Data Transfer Node (DTN):

ED25519 (256b)
SHA256:qc5JZcUIJAT/J6Dob3QVIqqdQWTZXwgtGzW3sTj6hZQ
MD5:9f:fd:68:c9:06:03:0d:6c:95:2c:b2:a8:b6:65:9f:58
RSA (3072b)
SHA256:oDqXPh9d2g4UkYv7HwtehZPyRVFOkol/jURyw3yI3Jo
MD5:62:c6:d9:d9:53:c5:71:e9:4f:d9:69:46:e4:3a:0c:38

July 2024 changes

During an extended outage between June 17th and July 3rd we implemented a number of changes.

List of changes

  • The operating system was updated to Rocky Linux 9.4
  • The Slurm scheduler has been updated to version 23.11.8
  • Login nodes were renamed to sikulogin1/sikulogin2
  • Compute nodes were renamed to siku1 through siku104 with siku101 to siku104 being the GPU nodes (formerly cg001 to cg004).
  • Industry users need to use the new login node industry.siku.ace-net.ca.
  • The SSH hostkeys have changed. The fingerprints of the new keys can be found above.
You may need to remove the old keys by the following commands on your machine:
  ssh-keygen -f ~/.ssh/known_hosts -R "siku.ace-net.ca"
  ssh-keygen -f ~/.ssh/known_hosts -R "134.153.246.145"
  ssh-keygen -f ~/.ssh/known_hosts -R "134.153.246.158"
  ssh-keygen -f ~/.ssh/known_hosts -R "dtn.siku.ace-net.ca"
  ssh-keygen -f ~/.ssh/known_hosts -R "134.153.246.139"

Known Issues

These issues are being worked at:

  • Currently only two GPU nodes with RTX6000 GPUs are available. We are working on making the other GPU nodes available.
  • Currently a few CPU compute nodes are still unavailable.
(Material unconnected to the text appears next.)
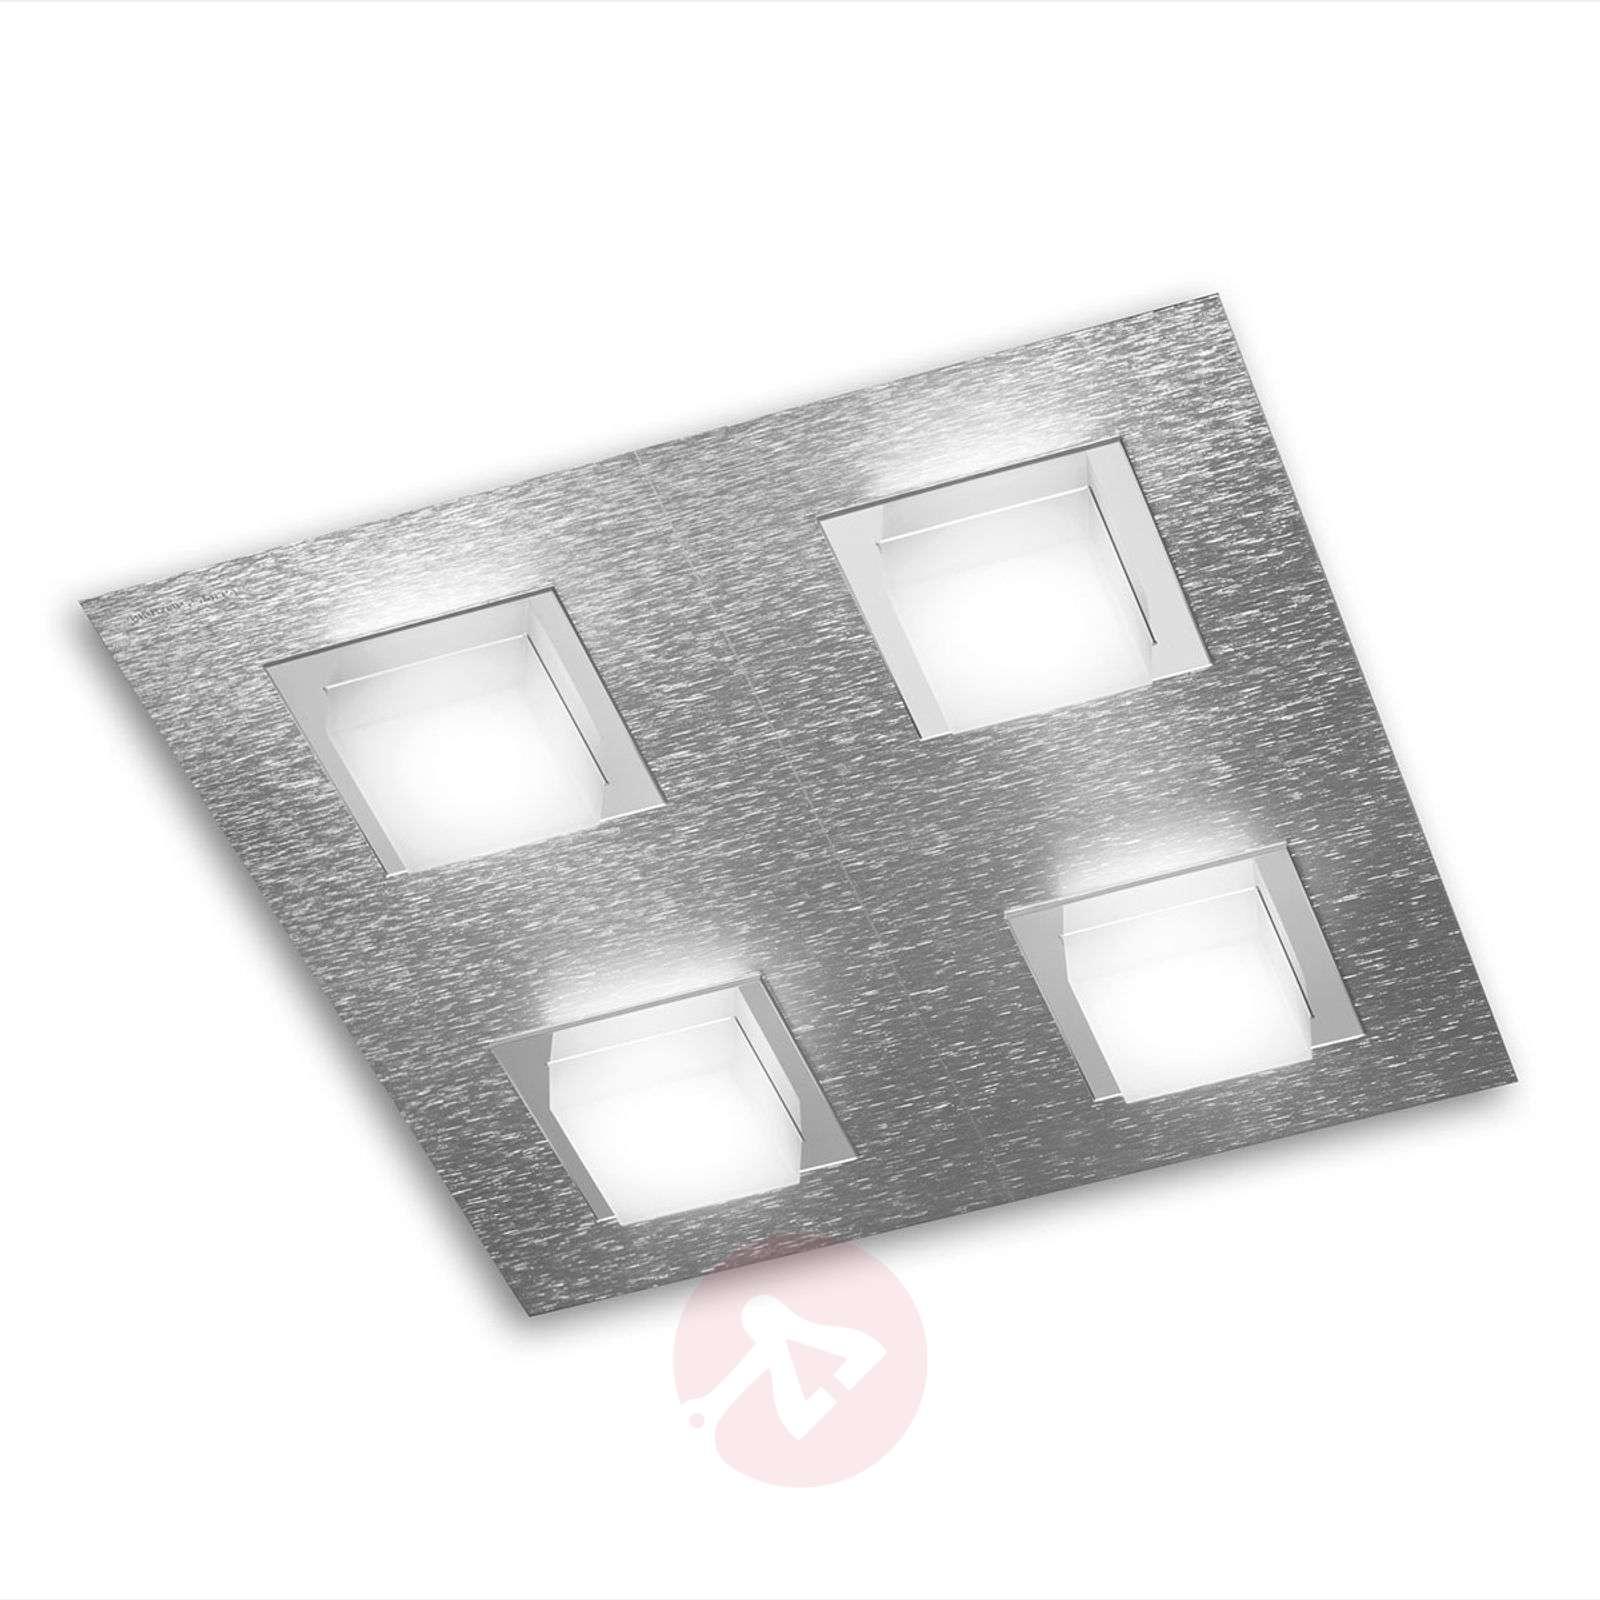 GROSSMANN Basic LED-kattovalaisin, 4-lamppuinen-4022061X-01

We are working on bringing the remaining compute nodes online.
  • Using ssh to connect to running jobs is currently not possible.
  • The diskusage_report (quota) command is currently not being updated.
  • The diskusage_report (quota) command is currently not showing usage of the project filesystem.
  • The following web-services are currently not available:
* JupyterHub
* WebMO
* Siku User Portal

Resolved Issues

  • The Data Transfer Node (dtn.siku.ace-net.ca) is now available.